Symptoms of tularemia include chills, body aches, and a fever, and these appear 2-10 days after exposure. It’s advised to get treatment ASAP since rabbit fever is fatal.
Moreover, if you consume rabbit intestines that have worms, these parasites can be passed on to you, with dire consequences.
As such, it is best NOT to eat medium rare wild rabbit meat. Instead, properly cook the rabbit meat until it has reached an internal temperature of at least 160-165℉, ensuring any and all worms and bacteria are killed. Only then will the wild rabbit meat be safe to eat.
Regarding farm-raised, high-quality rabbit meat, you can eat this protein medium rare, especially if you know how the animal was raised and slaughtered. Another vital factor is how the meat was stored before cooking.
If you know that the rabbit meat you bought comes from a reputable supplier like D’Artagnan, igourmet.com, Nicky USA, Marx Foods, or Prairie Harvest Specialty Foods, you know you are guaranteed that the rabbit meat you buy is quality and safe.
Therefore, you can cook rabbit meat from these suppliers medium-rare.
Is Rabbit Healthier Than Beef?
Technically, rabbit meat isn’t healthier than beef; they are probably equal in the health department but what you consider “healthy meat” depends on your personal needs.
If you want a protein source that is healthy for cancer, metabolic health, and cardiovascular health, then rabbit meat is best.

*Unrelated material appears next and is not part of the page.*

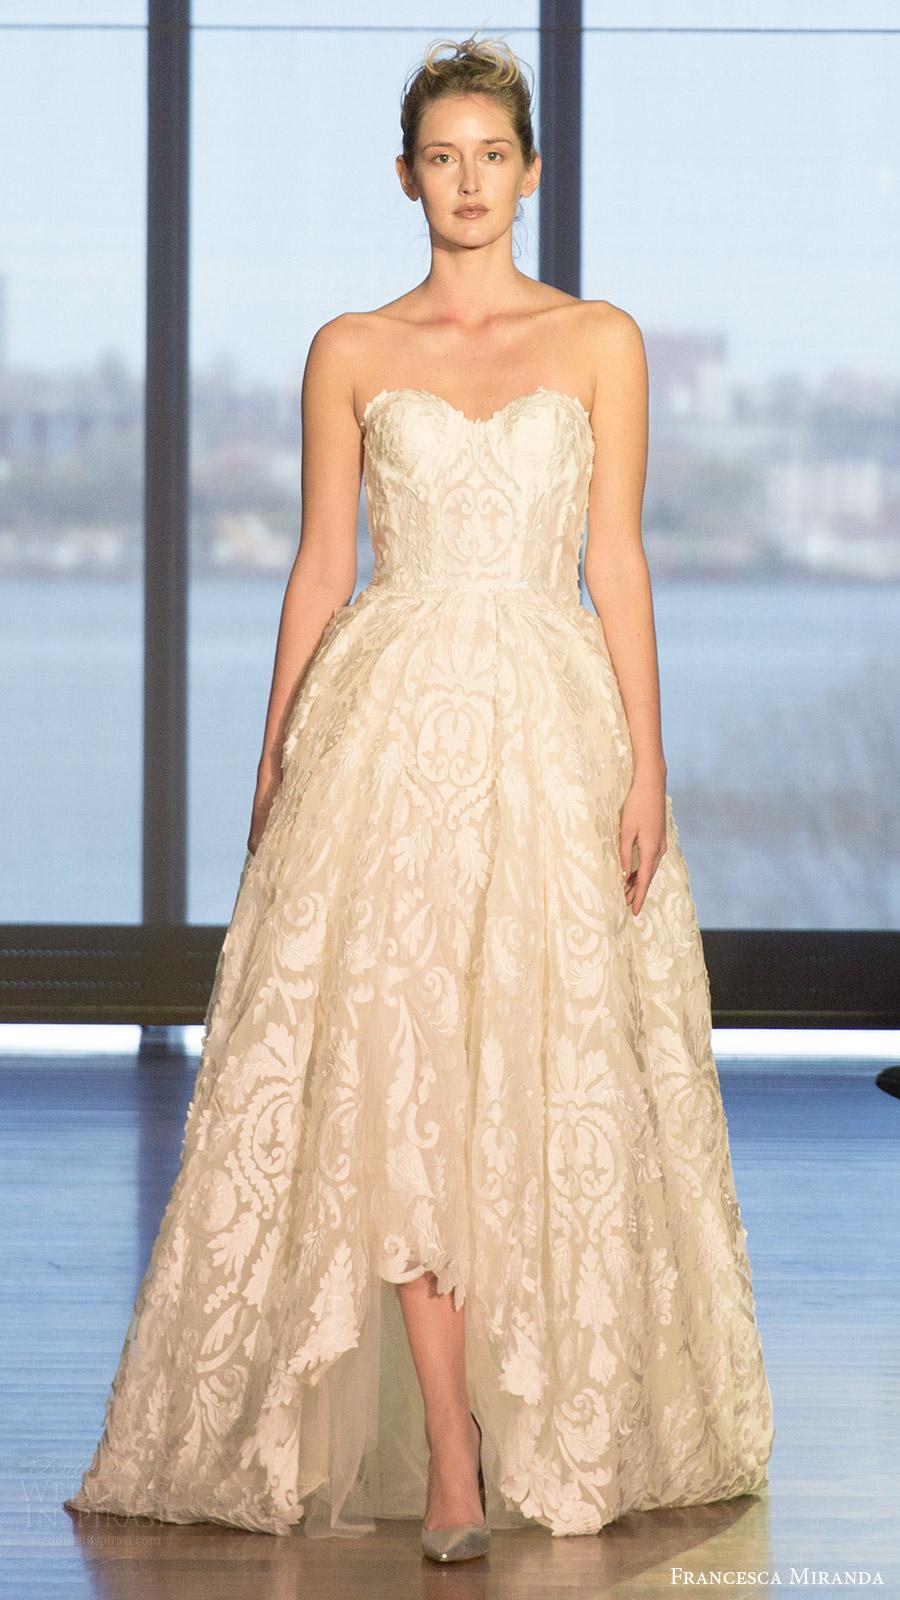 Ball Gown Strapless Wedding Dresses 98 Fresh francesca miranda bridal spring

Plus, rabbit meat has a relatively high content of vitamins B3 and B12.
In comparison, beef has more zinc and is, overall, richer in vitamin B.

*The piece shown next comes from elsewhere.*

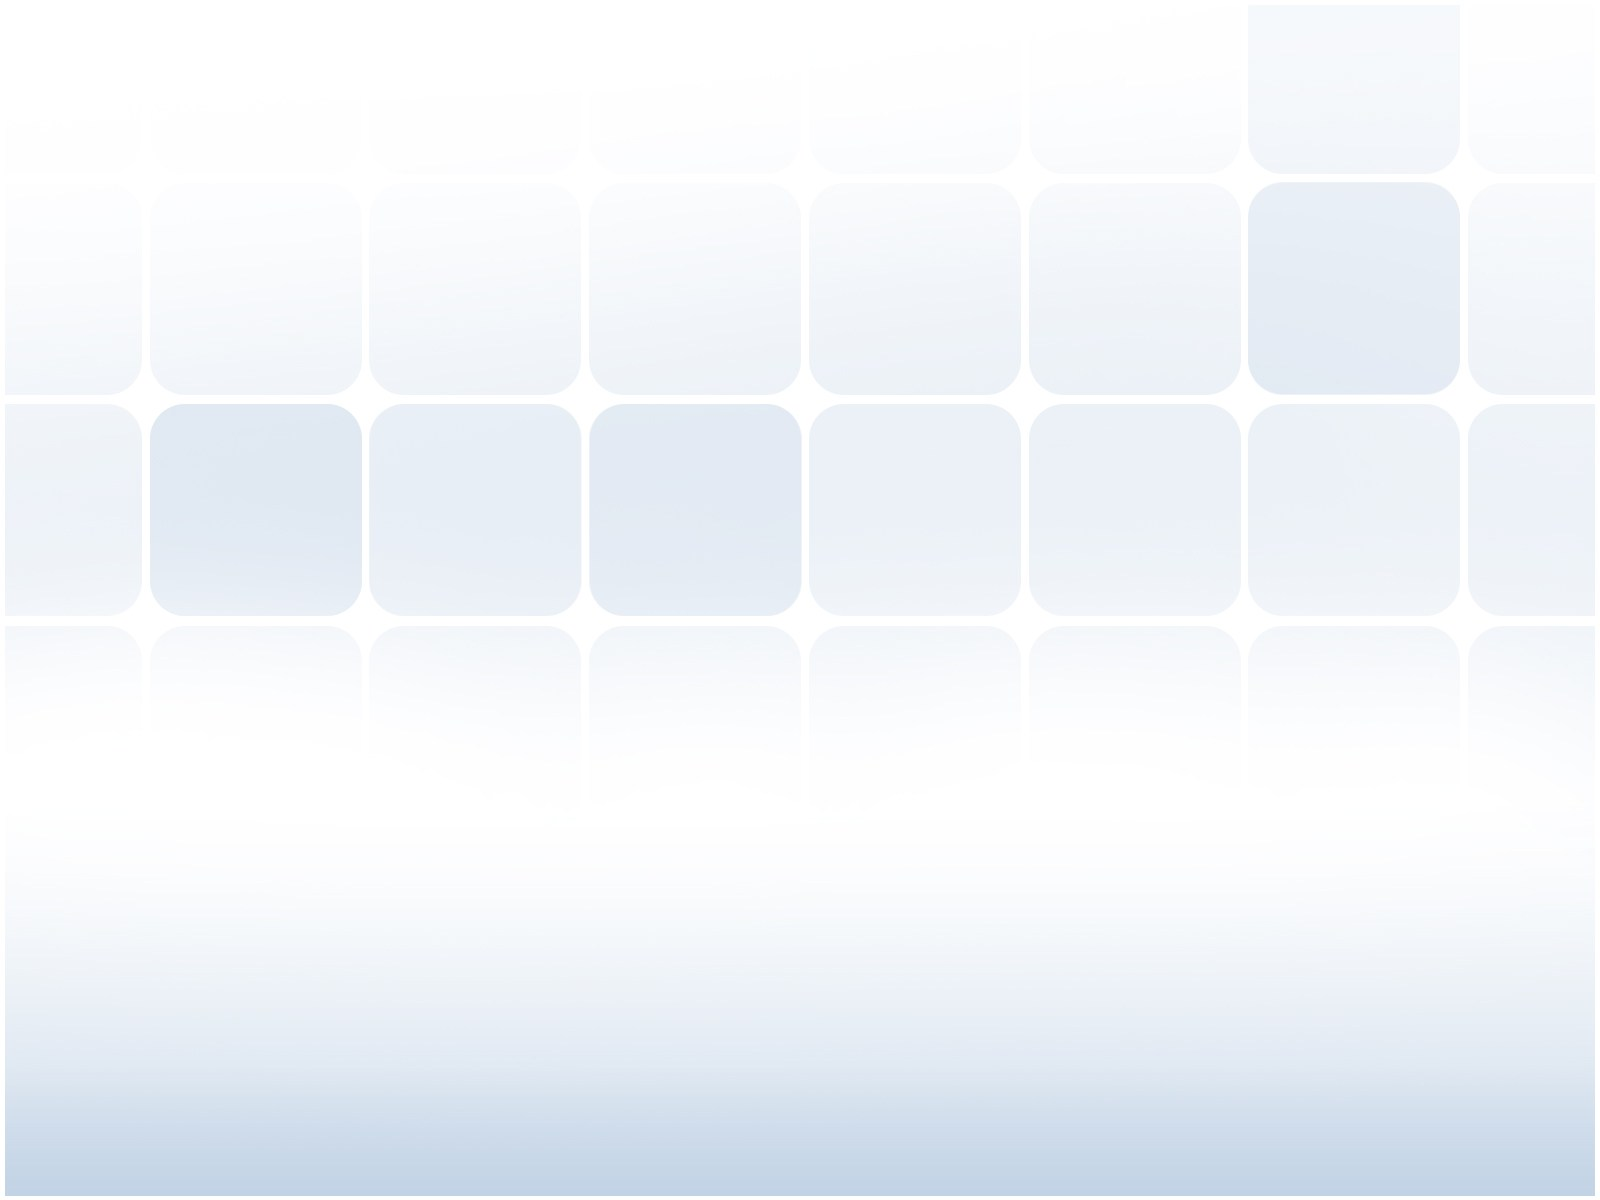 Mẫu nền powerpoint trắng đẹp

Here’s a rundown comparing rabbit meat to beef:
- Rabbit meat has 1.5 times fewer calories than beef.
- Rabbit meat has a higher digestible protein content (about 1.3 times more than beef) and amino acids.
- Beef has around 5 times more fat than rabbit meat, but eating only rabbit meat and not enough fat leads to rabbit poisoning.
- Rabbit meat contains less cholesterol.
- Rabbit meat contains more iron, magnesium, phosphorus, and copper than beef.
- Beef has a higher zinc content than rabbit meat.
- Rabbit and beef are equal in potassium and calcium.
- Beef contains more sodium than rabbit protein.
- Beef has more vitamins B1, B2, B5, and B6 than a rabbit, while rabbit meat is richer in vitamins B3 and B12.
- Rabbit also has higher levels of vitamins E and K than beef.
- Beef contains more vitamin A and folate than a rabbit.
So all in all, both rabbit meat and beef can be healthy, and both should be consumed as part of a balanced diet.
Alternatives to Rabbit Meat
There are a few alternatives to rabbit meat:
- Chicken, especially chicken thighs
My Last Bunny Thoughts
Farm-raised rabbits are safe to eat when cooked medium-rare. This must be fantastic news for any meat-eating lover who prefers their rabbit cooked to medium-rare perfection.
Remember that when it comes to eating wild rabbits, you want to ensure the meat is properly handled from when the rabbit is killed until the meat reaches your plate.
If you see signs of tularemia, it’s best to discard the rabbit. Cut out any raised lumps on the rabbit’s skin as these are signs of a warble larval infestation, and stay away from all of the rabbit’s intestines.
So buy your rabbit meat from reputable suppliers to ensure you and your family stay healthy.